Several key performance metrics were used to evaluate the models during training:
Accuracy: The proportion of correct predictions made by the model. A general measure of the model’s effectiveness.
(True Positive Rate or Recall): The proportion of actual positive cases (e.g., stock price increases) that the model correctly identifies. For understanding the model’s ability to detect positive stock price movements, this metric is important.
• Specificity (True Negative Rate): How well the model recognizes actual negative events (such as stock price decreases). Measures the model’s ability to avoid false positives.
Matthew’s Correlation Coefficient (MCC): Balanced measure that considers true positives and false positives. Models with imbalanced datasets, where one class may be more prevalent than another, can be evaluated with MCC.
The study aimed to identify the best model for predicting stock market movements based on these metrics.
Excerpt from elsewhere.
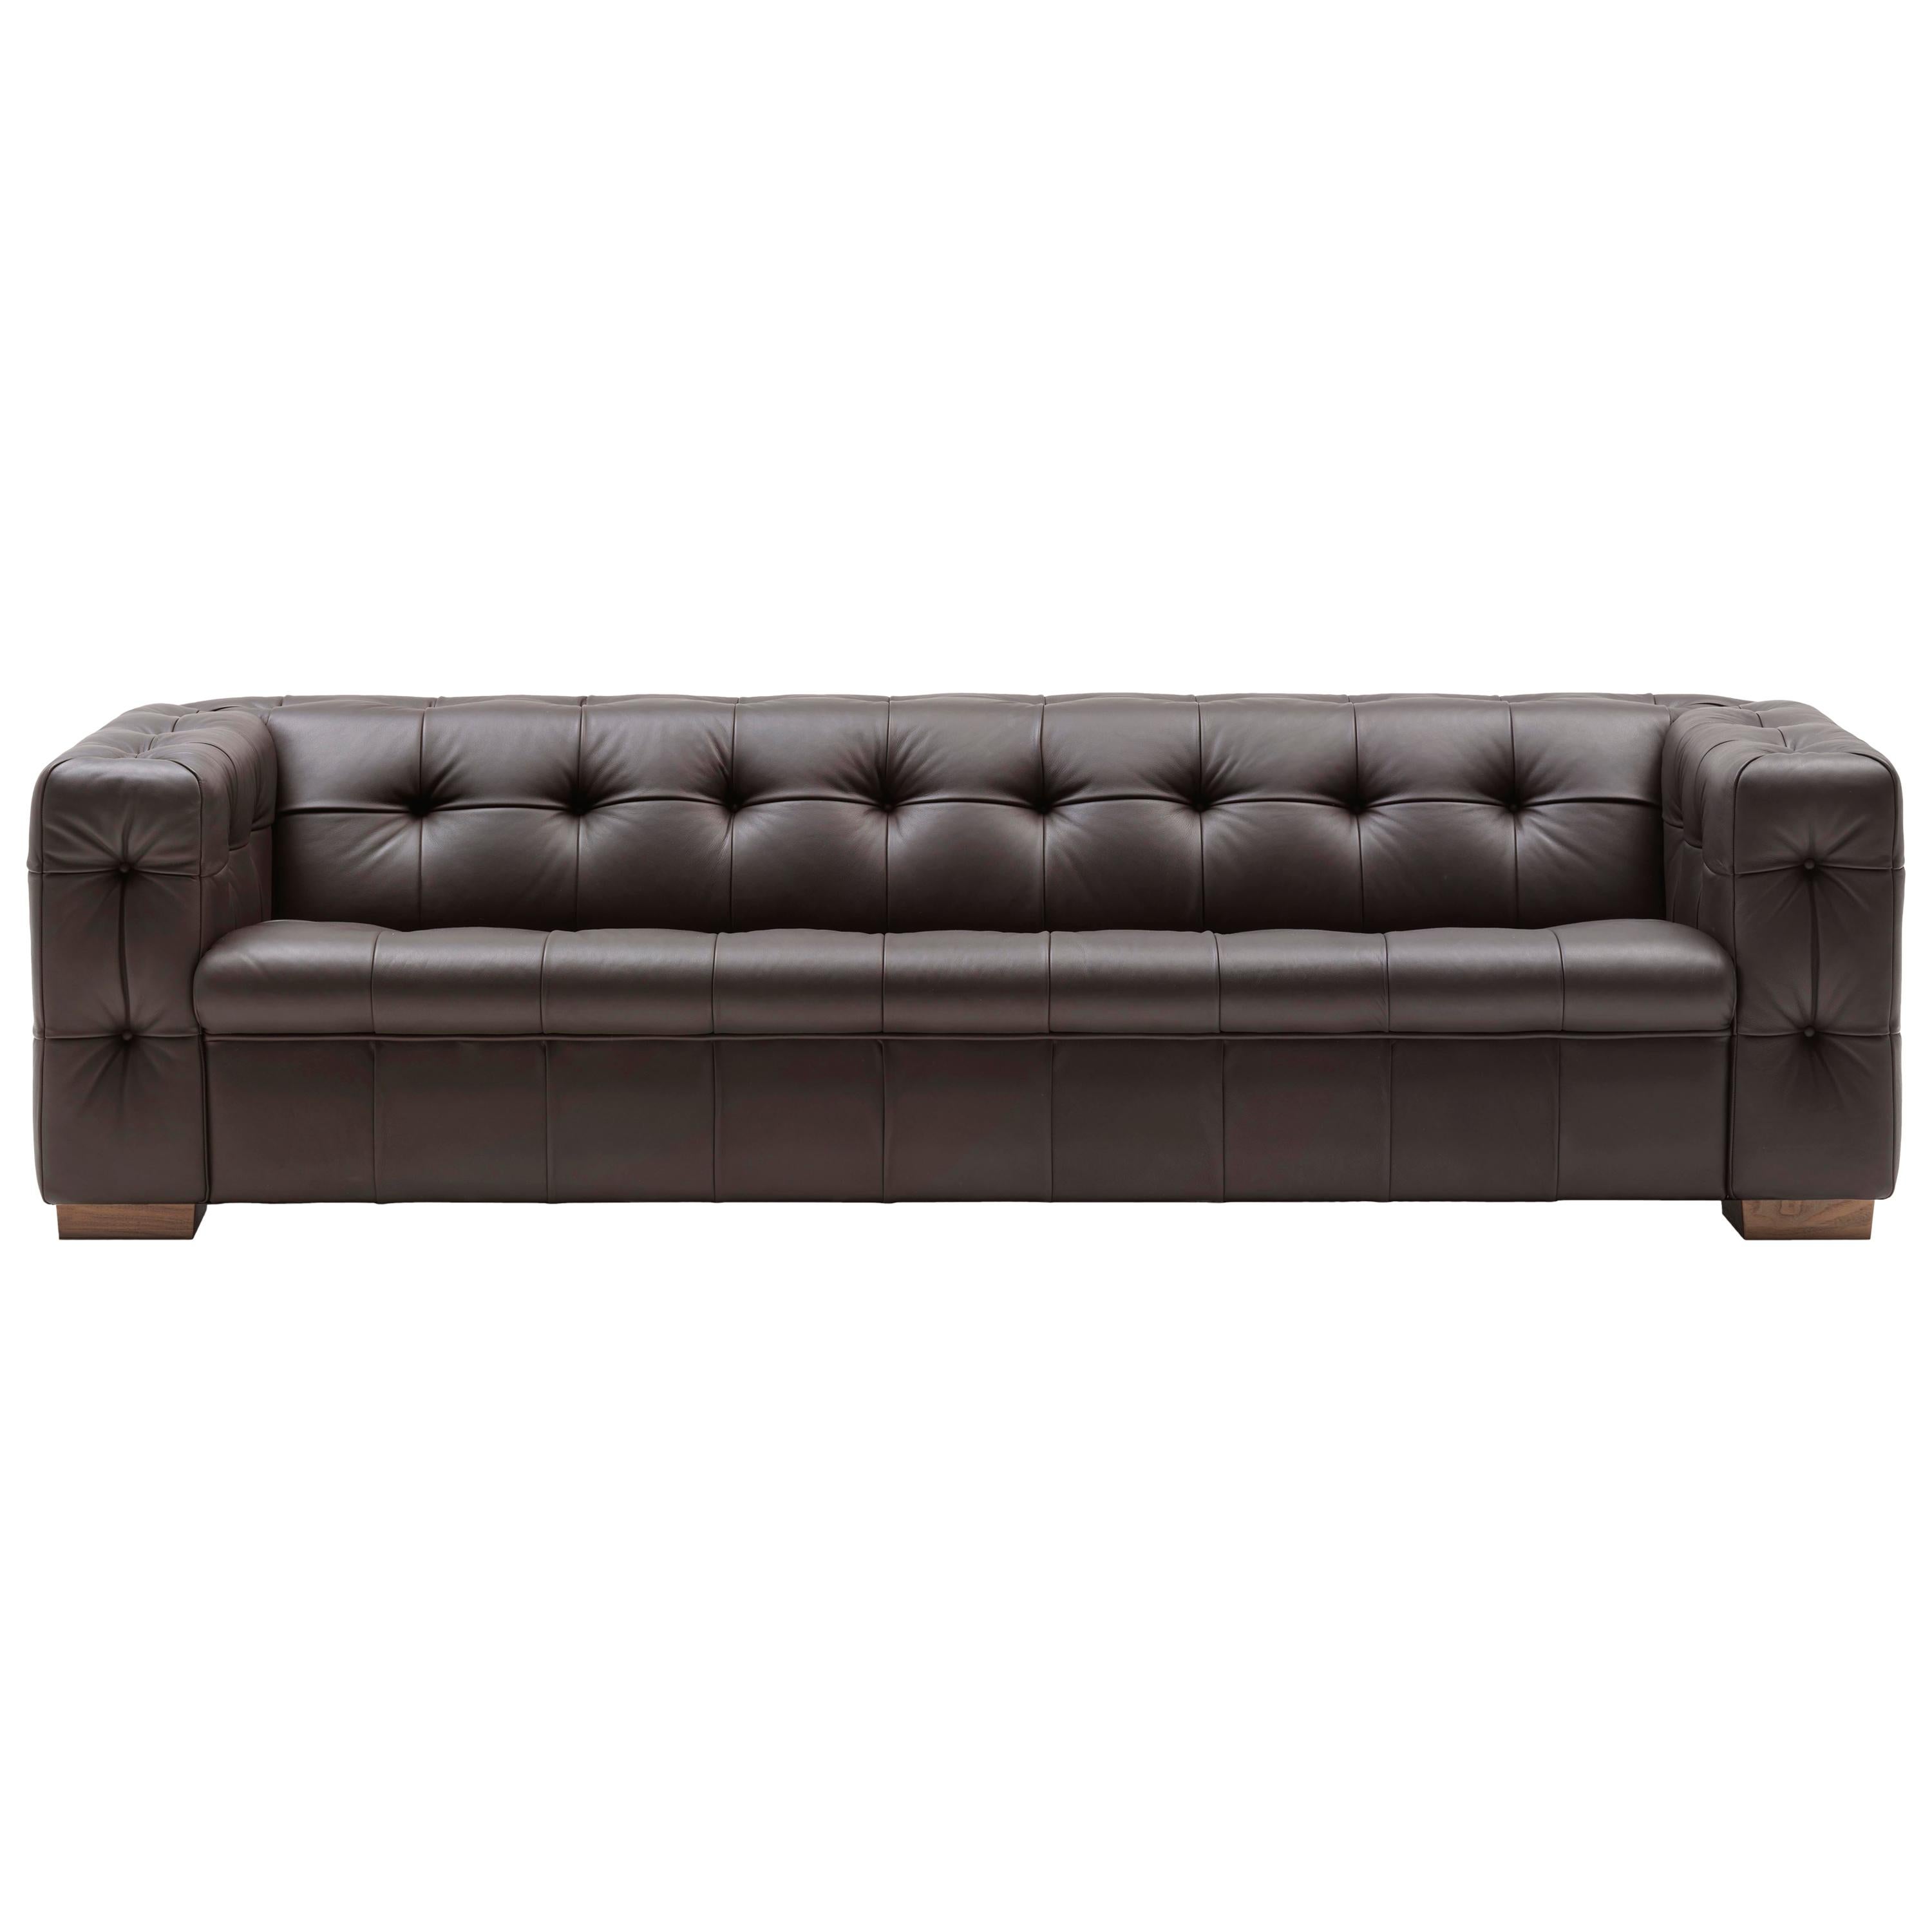 RH-306 - Grand canapé en cuir touffeté Chesterfield de Robert Haussmann

In the evaluation process, CNNs were compared to other models across different datasets and configurations. As a result of this comprehensive approach, the selected model not only performed well on the training data but also generalized effectively to unseen data, making it an effective tool for predicting stock markets.
Taiwan 50 Dataset Results
Based on the Taiwan 50 dataset, Convolutional Neural Networks (CNNs) performed better than other models. In experiments, CNNs consistently outperformed traditional machine learning models like Random Forest and K-Nearest Neighbors (KNN) across a variety of configurations — trading periods, image dimensions, and volume indicators included or excluded.
In general, longer trading periods (20 trading days) led to better predictive performance when analyzing the effect of different trading periods. CNNs were 91.5% accurate with 50x50 pixel candlestick charts including volume indicators over a 20-day trading period. The predicted and actual stock movements showed a strong correlation with a high Matthew’s Correlation Coefficient (MCC) of 0.827.
Volume indicators were not always more accurate in candlestick charts. Some results were improved by excluding the volume indicator. On the Taiwan 50 dataset, CNNs with a 20-day trading period and 50x50 pixel charts achieved 92.2% accuracy and an MCC of 0.84 when volume was excluded.
The Taiwan 50 dataset clearly showed that CNNs performed best in predicting stock movements when configured with longer trading periods and larger image dimensions. Occasionally, excluding volume indicators improved accuracy marginally, suggesting that volume data is not always necessary for best performance.
Indonesia 10 Dataset Results
In the Indonesia 10 dataset, CNNs again outperformed other models, as in the Taiwan dataset. In the Indonesian stock data experiments, trading periods, image sizes, and volume indicators were varied.
Based on 20-day trading periods and 50x50 pixel candlestick charts without volume indicators, CNNs performed best for Indonesia 10. With 92.1% accuracy and 0.837 MCC, this configuration provided a high level of predictive accuracy. A smaller dataset, Indonesia 10, showed that CNNs can capture underlying patterns in stock price movements.